A realistic look at London’s housing situation
Waiting lists for social housing in London are very oversubscribed. The current situation is made worse by the chronic housing shortage in London. Other housing associations and councils are in the same situation as demand for rented housing far outstrips supply in London.
…First the bad news
Many tenants believe that their landlord is under a legal obligation to ensure that they are housed in accommodation that is adequate and suitable for their needs.
This is not the case.
- A social landlord is required to ensure that an offer of accommodation is in line with its policy and housing law at the beginning of the tenancy.
- It has no legal obligation to accept responsibility for future changes in the make-up of the household.
- If you read your tenancy agreement, you will see that it gives a ‘permitted’ number. This is the maximum number of persons that can occupy the premises without it being ‘statutorily overcrowded’. The onus is on the tenant not to overcrowd the property, not on the landlord to find larger accommodation.
…However, the good news is
As social landlords we will try to meet any reasonable requests for transfers from our tenants and we would not normally consider taking action against a tenant that was unavoidably overcrowding their accommodation.
We have tried to make our transfer system as simple and transparent as possible. We operate a (first come first served) ‘Date of Entry Waiting List’; this means your place on the waiting list is determined by the date that you joined the list. This is the only criteria used and you cannot be overtaken by anyone else that applies for transfer after you (unless they have been made and emergency management priority transfer case.

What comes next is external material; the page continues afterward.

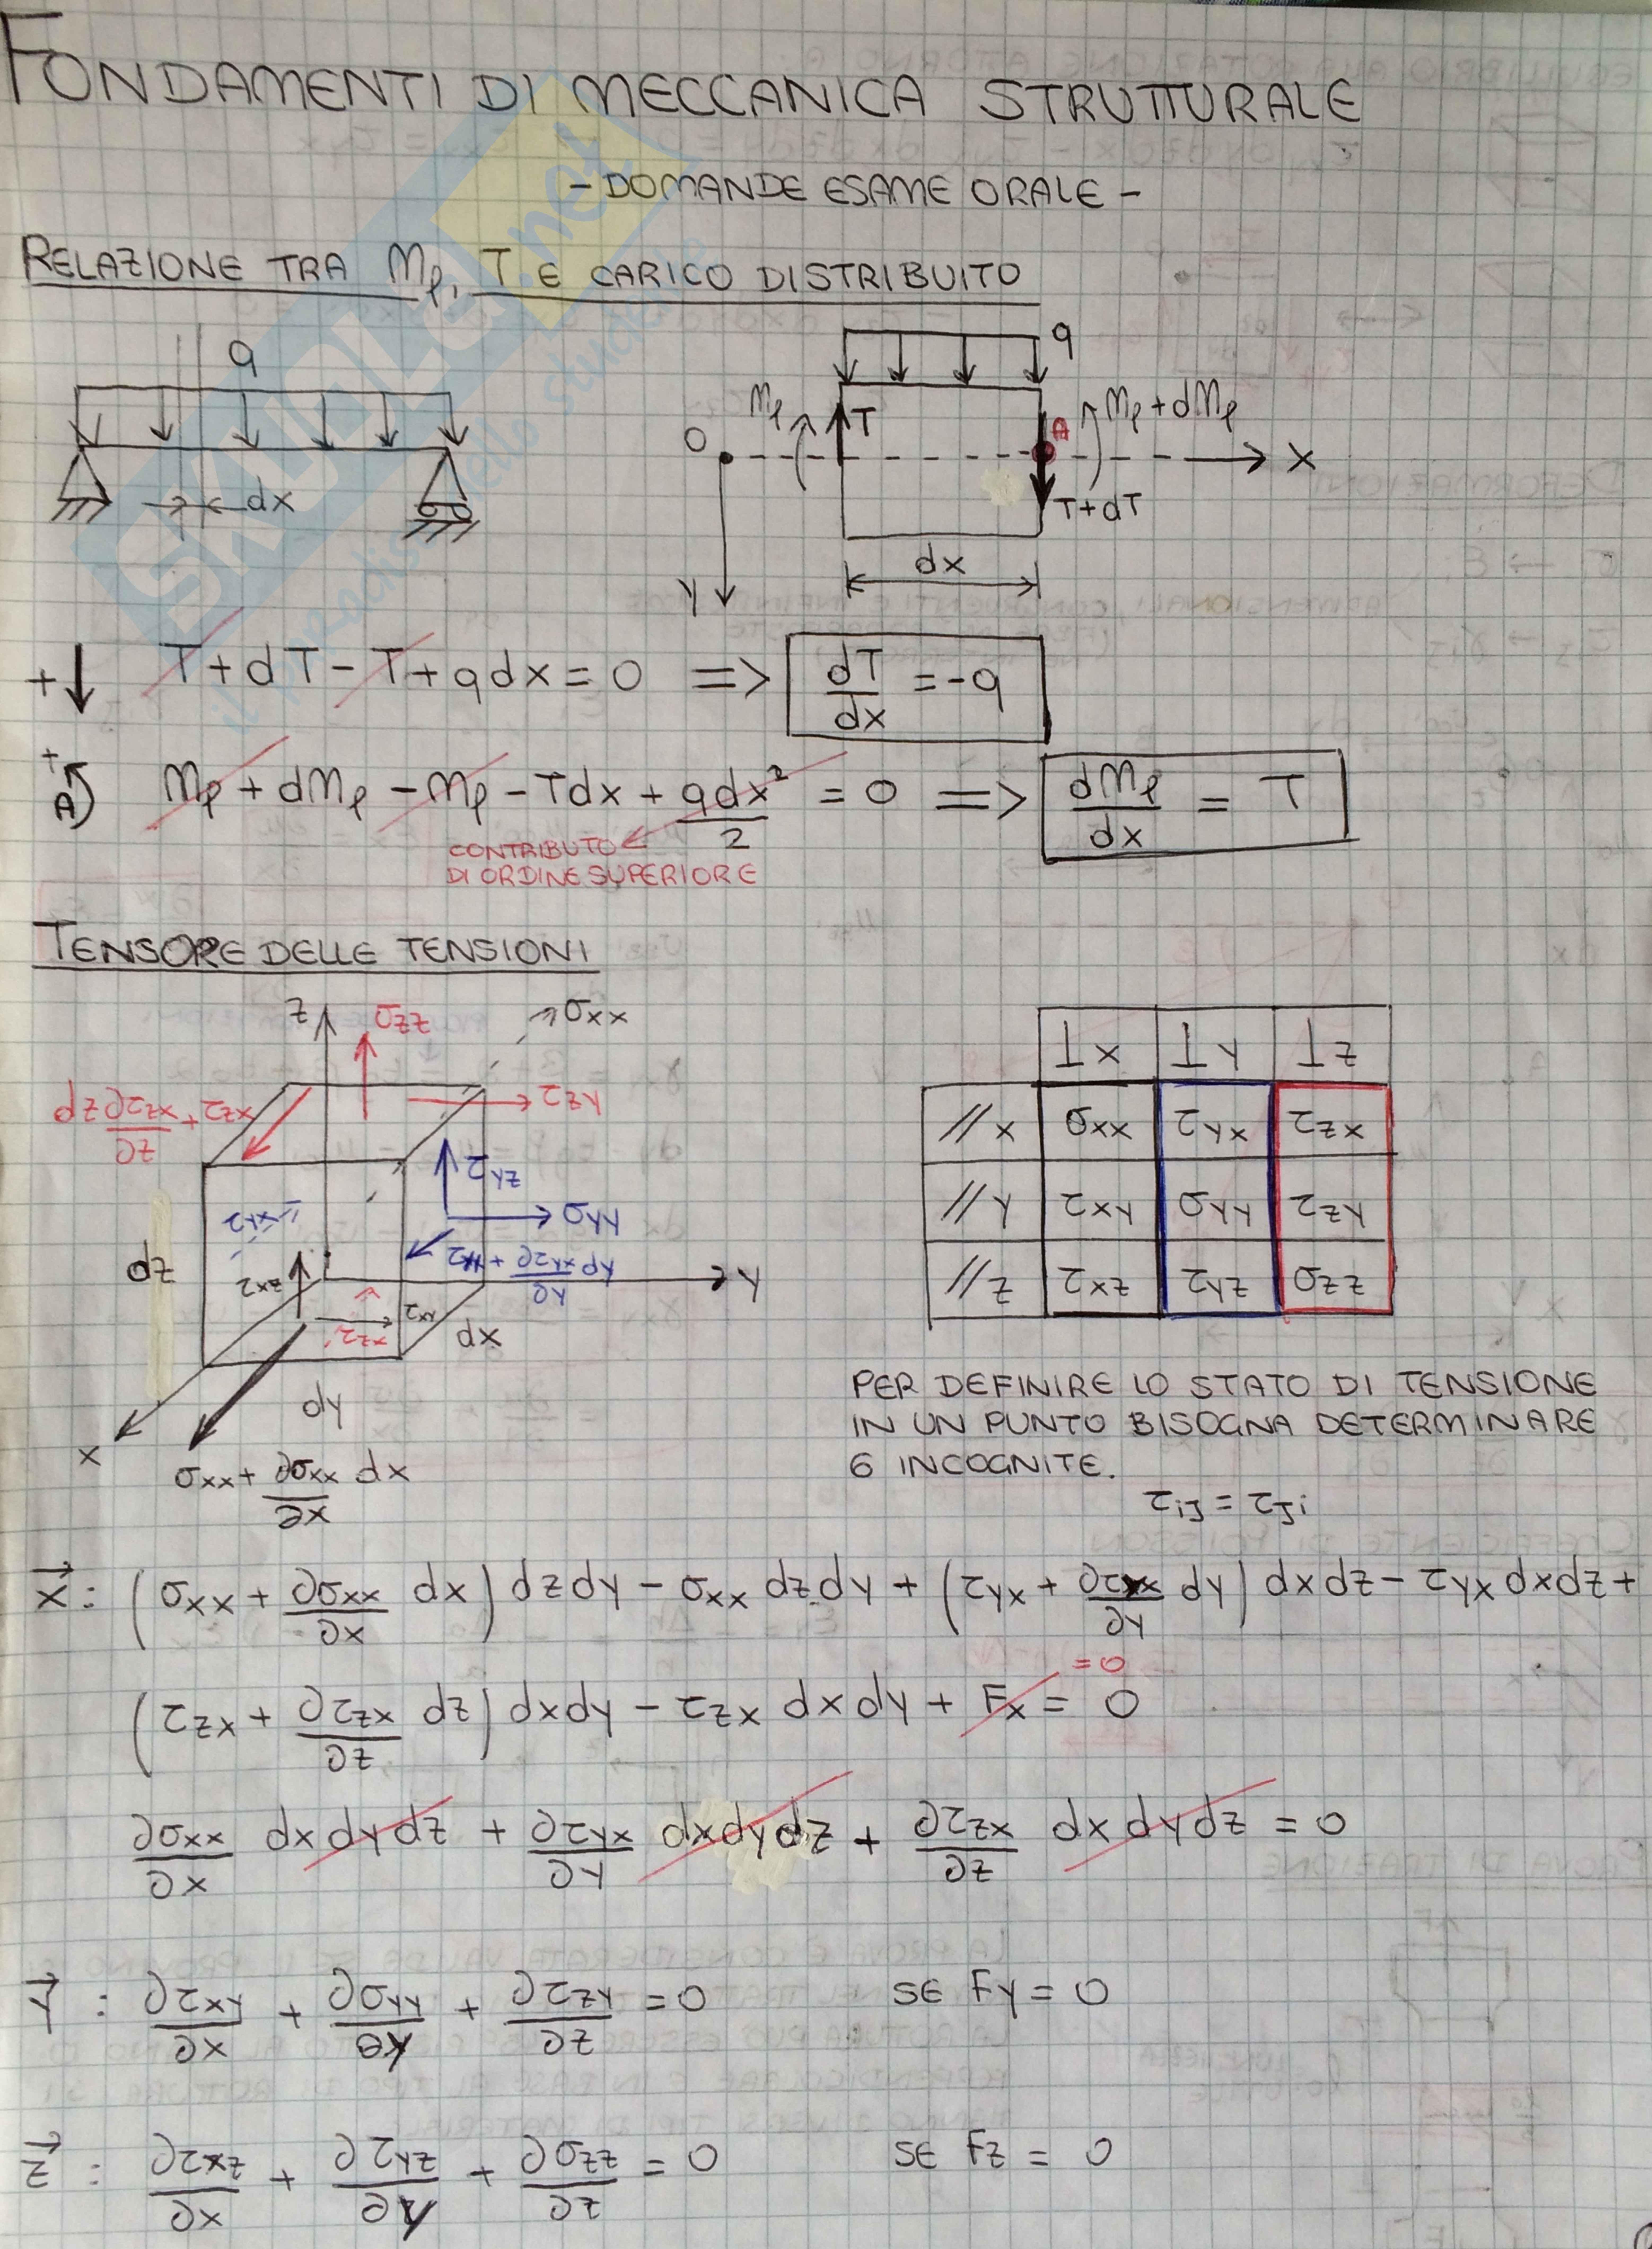 Dimostrazioni orale fondamenti di meccanica strutturale

You can apply for as many IDS areas (estates/schemes) that have appropriately sized accommodation as you are eligible for. The more areas you are prepared to consider the quicker you will get to the top of the waiting list and be able to bid.

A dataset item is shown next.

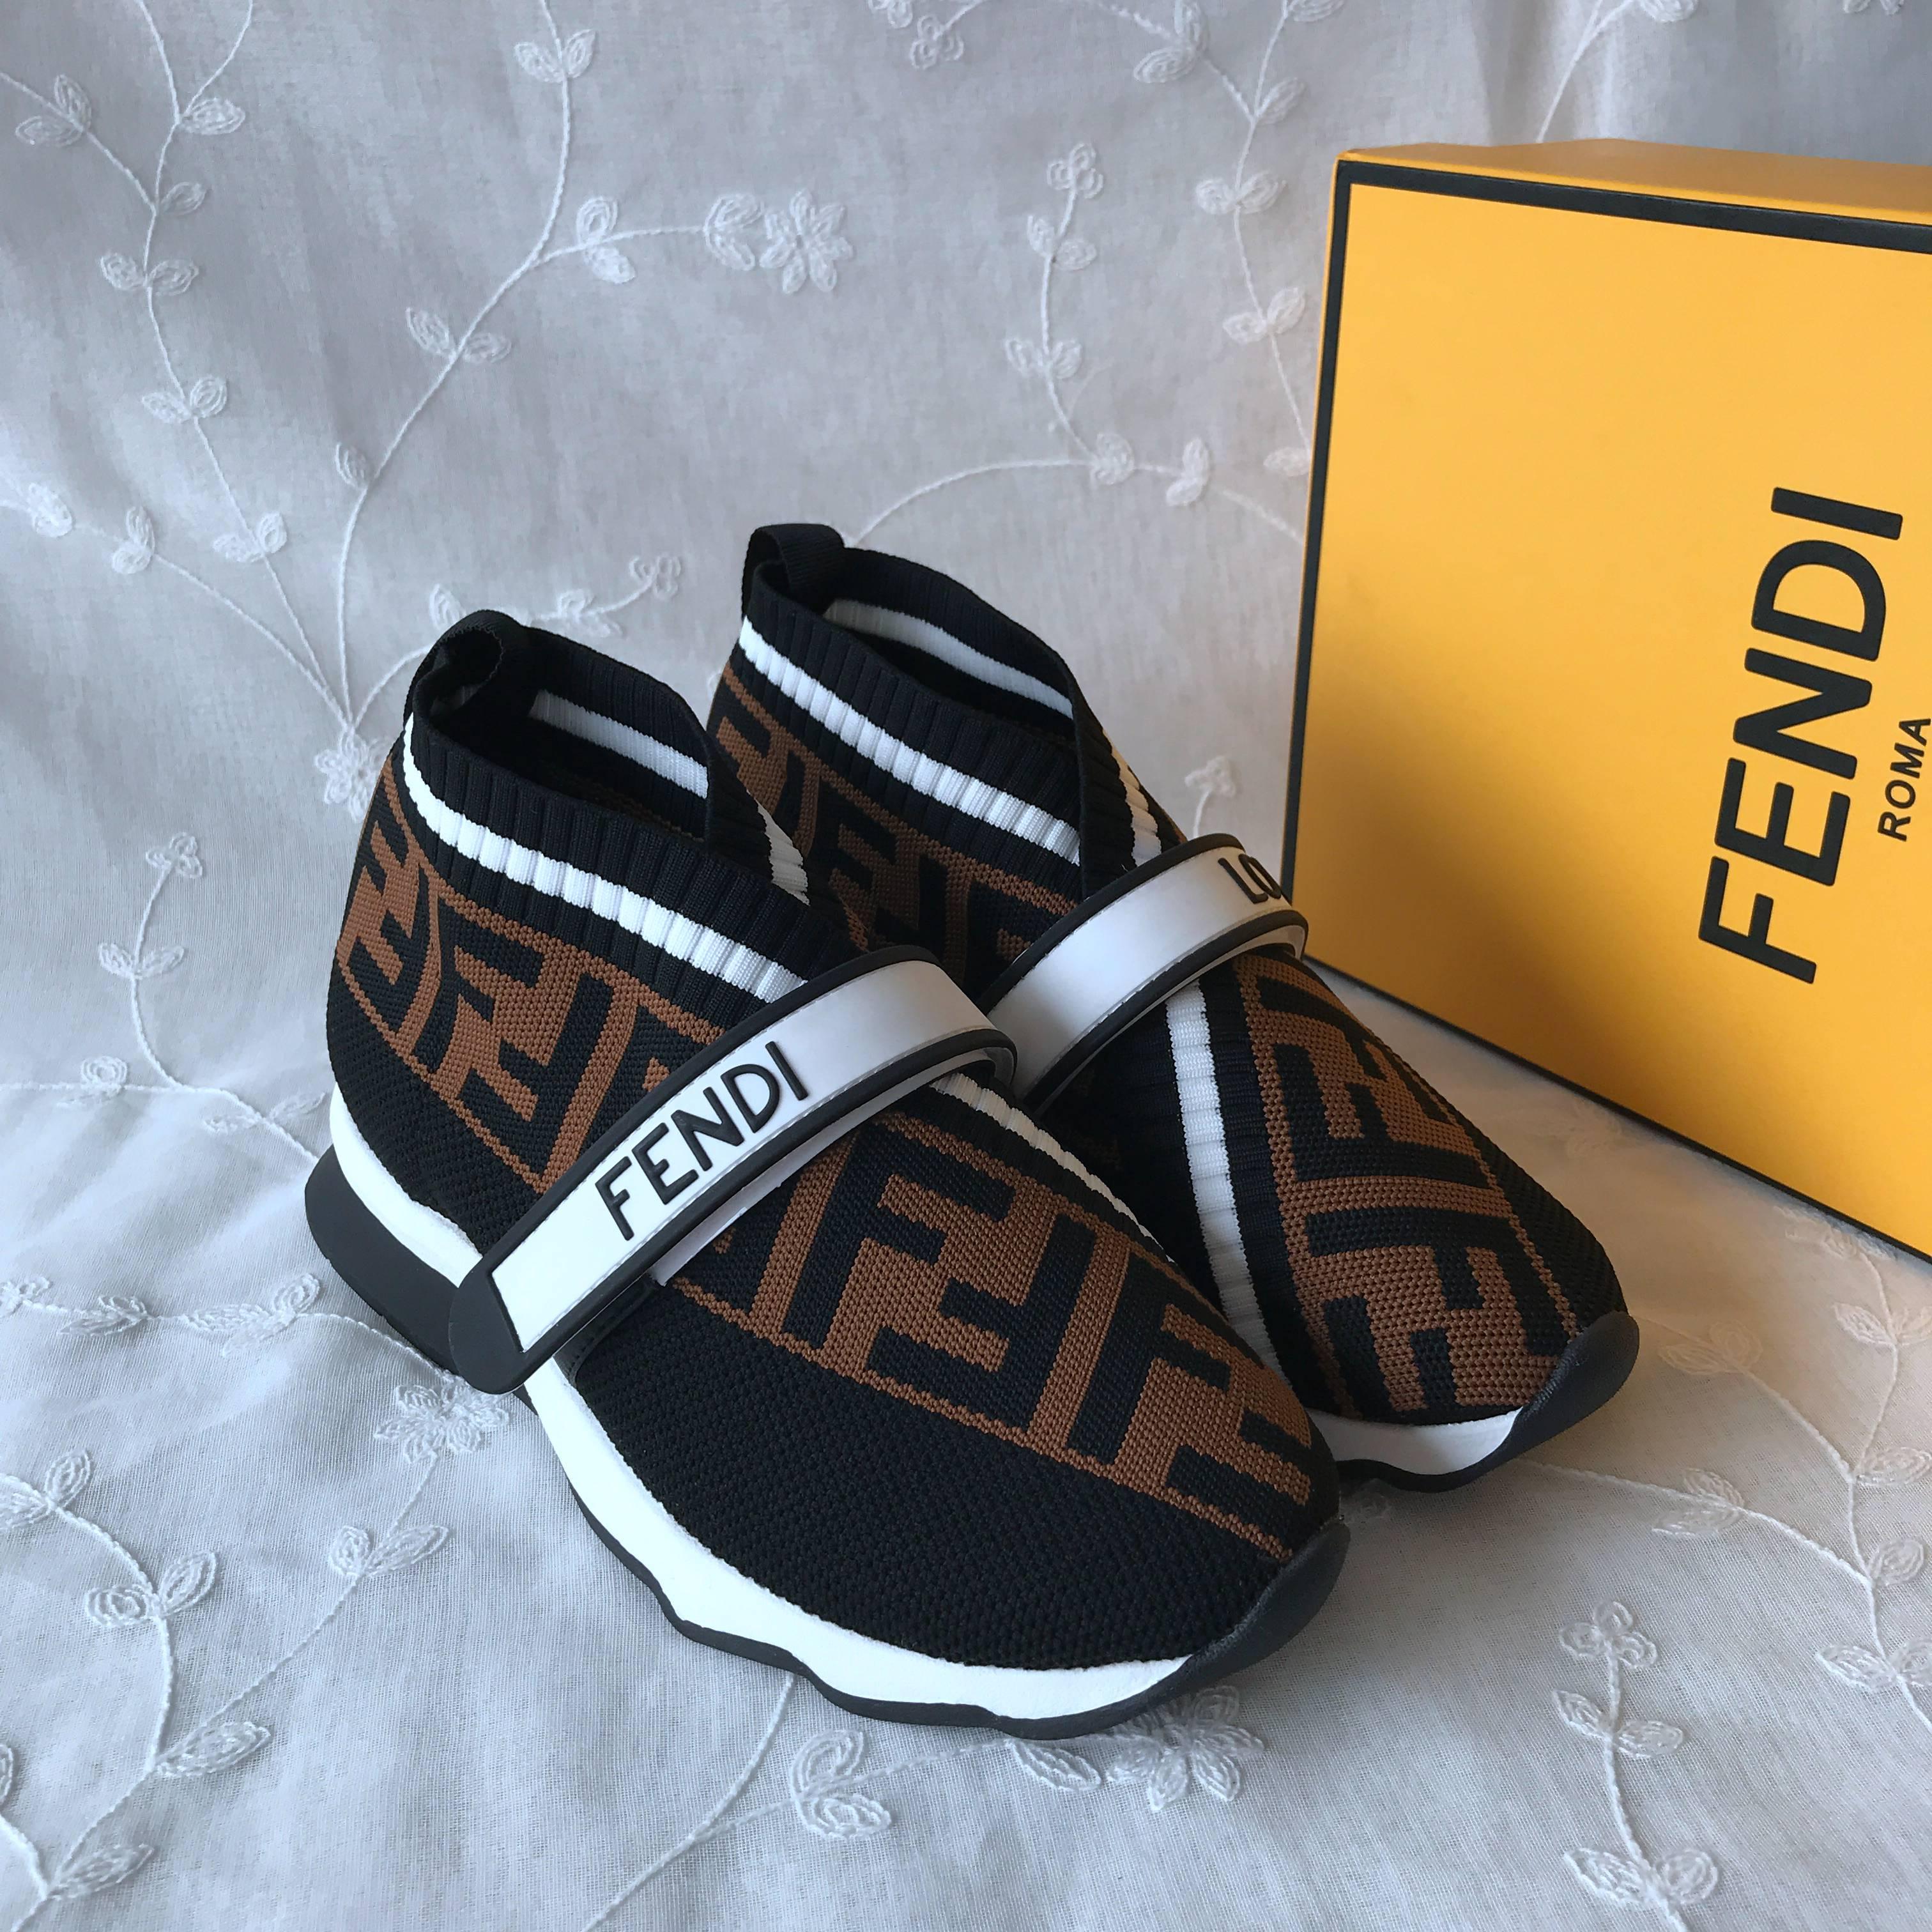 Fendi Casual Shoes 832520

All IDS tenants are eligible to apply for transfer. Any tenant can apply for transfer within their size eligibility. You do not have to have any health needs to be eligible. However, no offers will be made to tenants with rent arrears or those responsible for causing anti-social behaviour (nuisance) issues.

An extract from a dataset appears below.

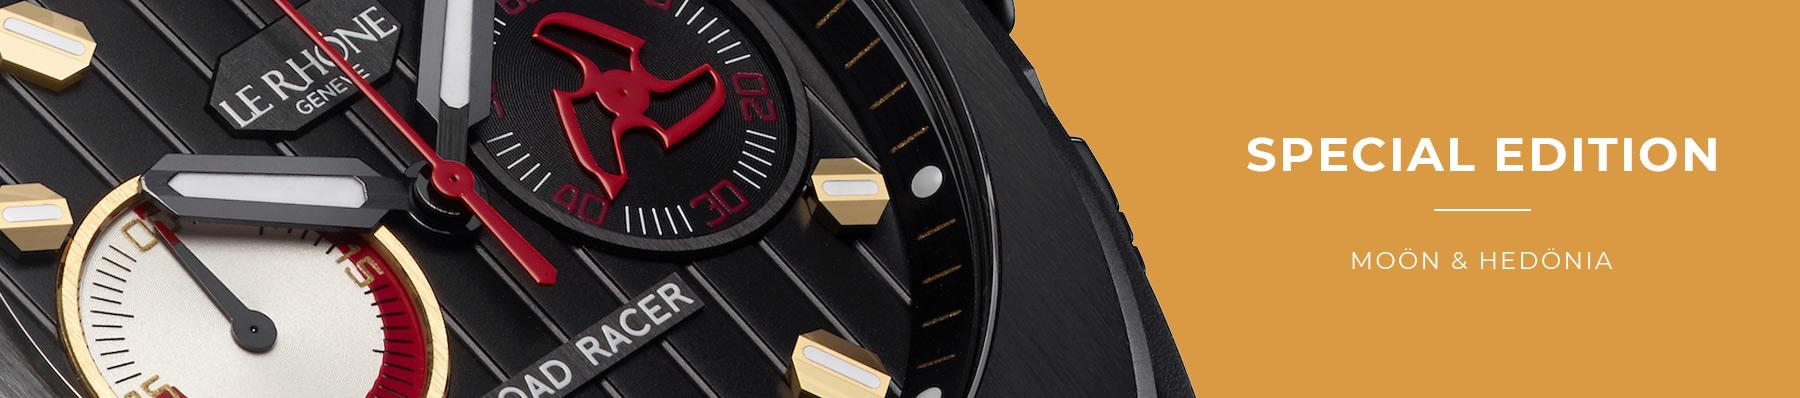 le-rhone-watch-limited-edition-ban-4

The chart below shows what size property you are eligible to apply for. You are eligible to apply for the size(s) of property indicated in the chart below:
Accommodation Unit Size Range
Bedsit – one bedroom, two person unit
One Bed, two person unit * #
One adult, or adult couple with one child, or two adults not in a relationship, i.e. siblings.
Two bedroom, three person unit. On estates where there are no three person units, this household size will qualify for a two bedroom, four person unit.
One adult, or adult couple with two children of the same sex
Two bedroom, four person unit
One adult, or adult couple with 2 children of opposite sexes both under the age of five years
Two bedroom four person unit – three bedroom, five person unit
One adult, or adult couple, with 2 children of opposite sexes with either over the age of five years
Three bedroom four person unit – three bedroom five person unit.
One adult, or adult couple, with three children
Three bedroom five person unit – three bedroom six person unit
One adult, or adult couple, with two male
children & two female children
Three bedroom, six person unit
The same principles listed above will be applied for larger properties
* A couple can be considered for a two bedroom, three-person unit when evidence is given supporting this need on medical grounds.
** In the case of 2 children of the same sex but significantly differing ages, (i.e. a baby and a teenage child), or two adult children (18 years +) IDS will consider the family for a smaller three bedroom unit.
# This may be relaxed to allow a couple a two bedroom property on the 3rd/4th floor at Evelyn Court if no applicant more suitable can be identified.
IDS will only take account of ‘authorised’ household occupants’ when evaluating size eligibility. These are:
- Persons listed as occupants at the commencement of your tenancy
- A partner of the tenant
- Children born to the tenant during the tenancy
- Persons you have requested IDS to consider as a permanent part of your household and IDS have agreed in writing to recognise as such.
IDS owns around a thousand general needs properties and 200 sheltered flats for people over the age of sixty.
We expect to let about 100 flats a year and of these normally around 20% will be allocated to transfer applicants.
Unfortunately, quick transfers are very rare and you should expect a considerable wait before you receive an opportunity to bid for properties.